Slaten performed with gusto, on the radio, especially, where he was loud and boisterous, blustery and sometimes bombastic. "CARRR-PAAAY DI-EM!" he would trumpet into the microphone, elongating the first two syllables of Robin Williams' war cry — Latin for "Seize the Day" — in one of Slaten's favorite movies, Dead Poets Society.

"Carpe diem!" callers greeted him in response. Or, "Hey there, King."

Slaten styled himself as "the only journalist to ask the tough questions," someone who'd never suck up to management — not his own or that of the teams he covered.

In that respect, he sometimes took it on the chin.

In 2004 FOX Sports suspended him from commentating after he harshly criticized Cardinals first baseman Albert Pujols and shortstop Edgar Renteria, saying they shouldn't start in the All-Star game because their stats weren't comparable to those of other ballplayers at their positions. FOX was paying the Cardinals for broadcasting rights and worried about offending the team, Slaten claims. Rather than feel forced to slant his coverage in favor of the network's bottom line, Slaten says, he quit. At the time, FOX Midwest's operations director, Jack Donovan, told the Post-Dispatch, "We don't comment on personnel matters."

That same outspoken nature made Slaten a valuable commodity. Under new management in the summer of 2004, the two local all-sports signals, KFNS and KSLG, dueled to bring Slaten aboard for their coveted afternoon drive-time slot. After KFNS secured the host, station managers coined his show The Bottom Line.

He cohosted with Mike Claiborne, and later Bob Ramsey, before leading the show on his own. The typical broadcast, which flip-flopped between three and four hours during its nearly four-year run, covered a broad swath, from sideline scandals to strategy. "The Rant," a regular segment, featured a breathless Slaten blasting off on a topic of the day.

As "The Rant" implies, Slaten acquired a reputation for rabble-rousing. He aired strong opinions on everything from pitching strategy to players' paternity scandals, all of which sent many a caller into fits of rage or hysteria. Promos for the show warned, "sensitivity training not required," and joked about the high insurance premiums put up by KFNS to keep the show.

"I wish I had the guy's talent as a broadcaster," offers longtime rival Bernie Miklasz, who in addition to his duties as a Post-Dispatch columnist puts in broadcast time at FOX Sports Midwest and "Team 1380." "He's tremendous and really knows how to push people's buttons, which is funny.

"No question," Miklasz adds, "he's been a true lightning rod."

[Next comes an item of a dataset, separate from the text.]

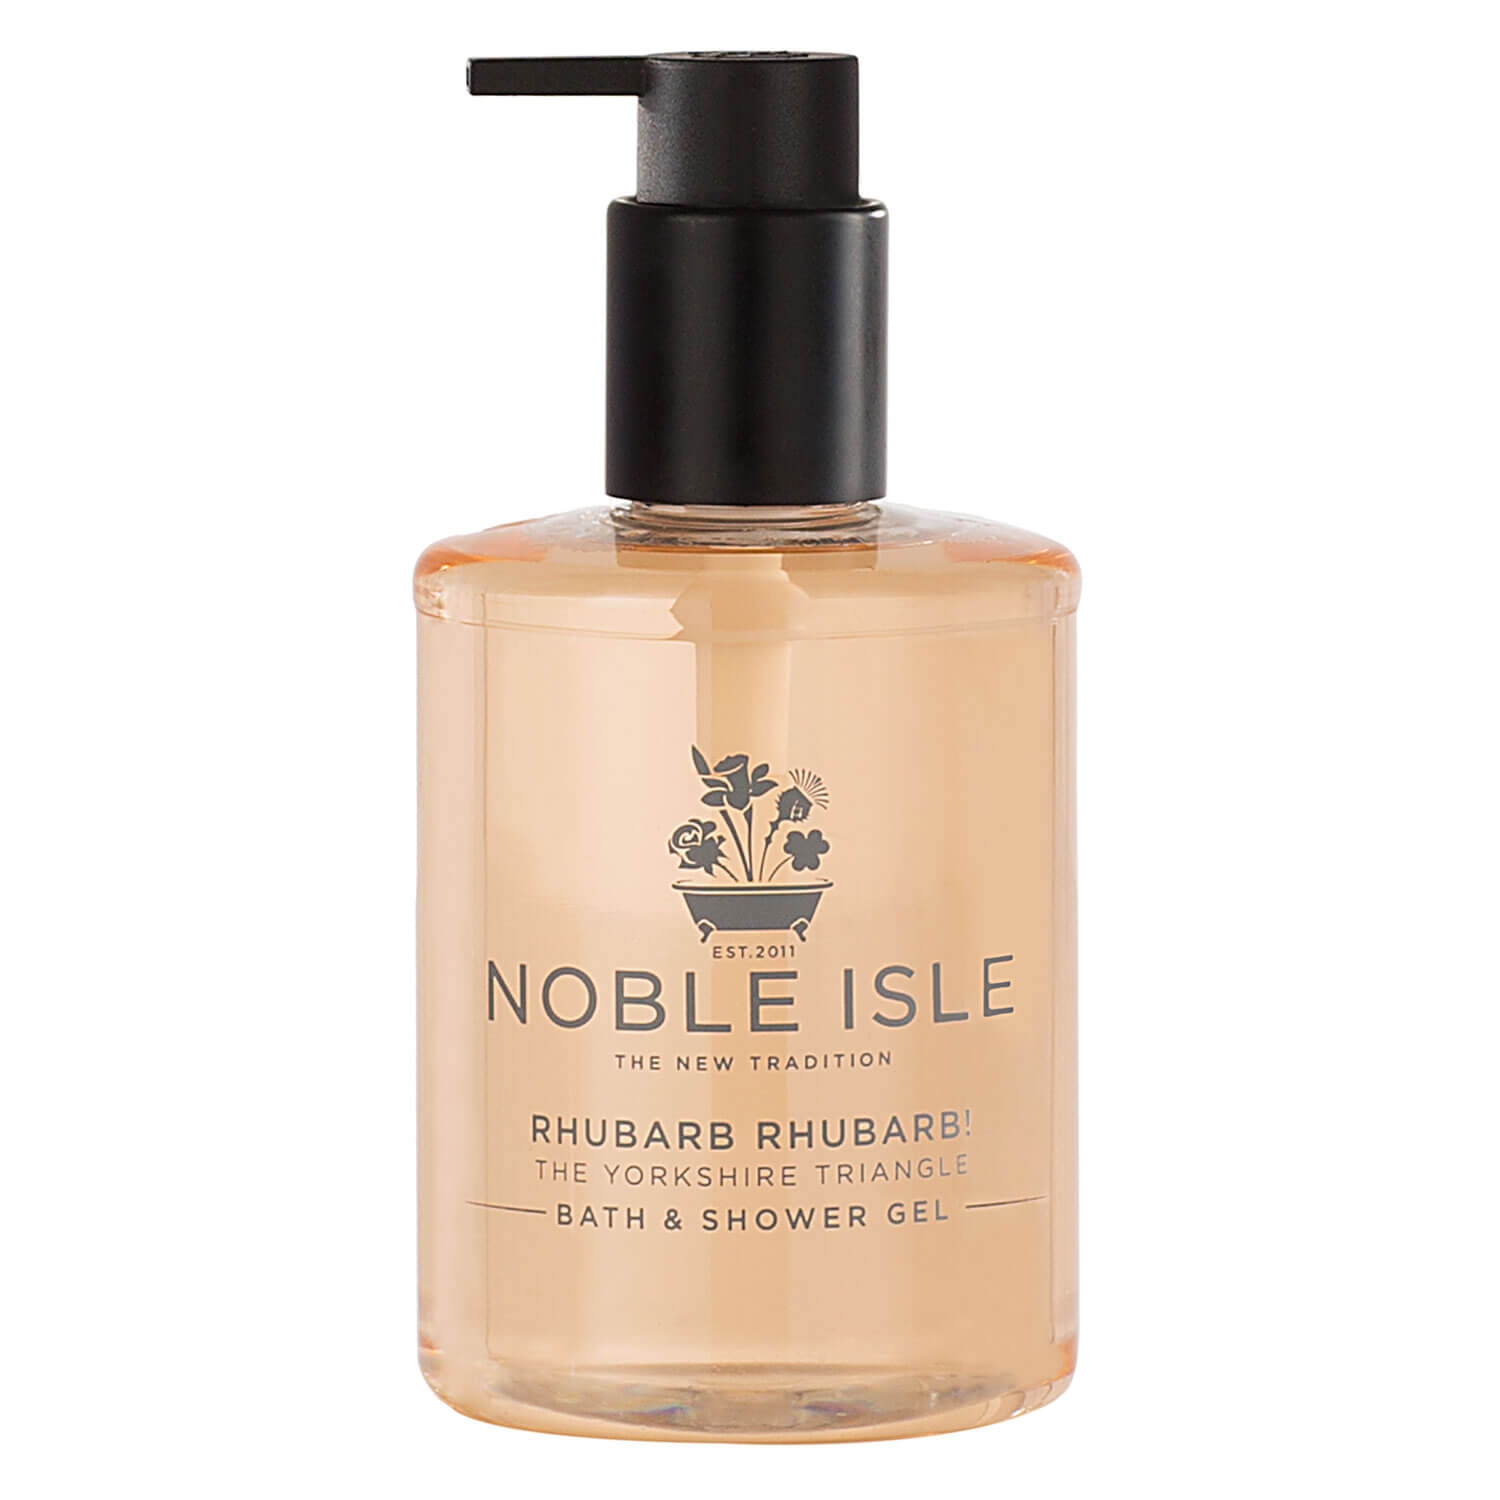 Produktbild von Noble Isle - Rhubarb Rhubarb! Bath & Shower Gel

Kevin is the epitome of everything that's wrong with the new genre of sports-talk radio," counters Miklasz's Post-Dispatch colleague, fellow sports columnist Bryan Burwell. "He panders to the absolute lowest common denominator. He's part of the dumbing down of America. He has a lot of opinions, but they are uninformed.

"Kevin is not part of the sports media in this town," Burwell continues. "He is not. He doesn't operate under the same journalistic rules and ethics that the rest of us do. He sits there and rants and raves and says all sorts of unchecked things about athletes, managers, coaches and front-office people, but he is never held accountable for the comments' accuracy, nor does he do what all of us who are real professionals do, which is: If we write or say something critical of an individual, we are in the locker room the next day in front of that person."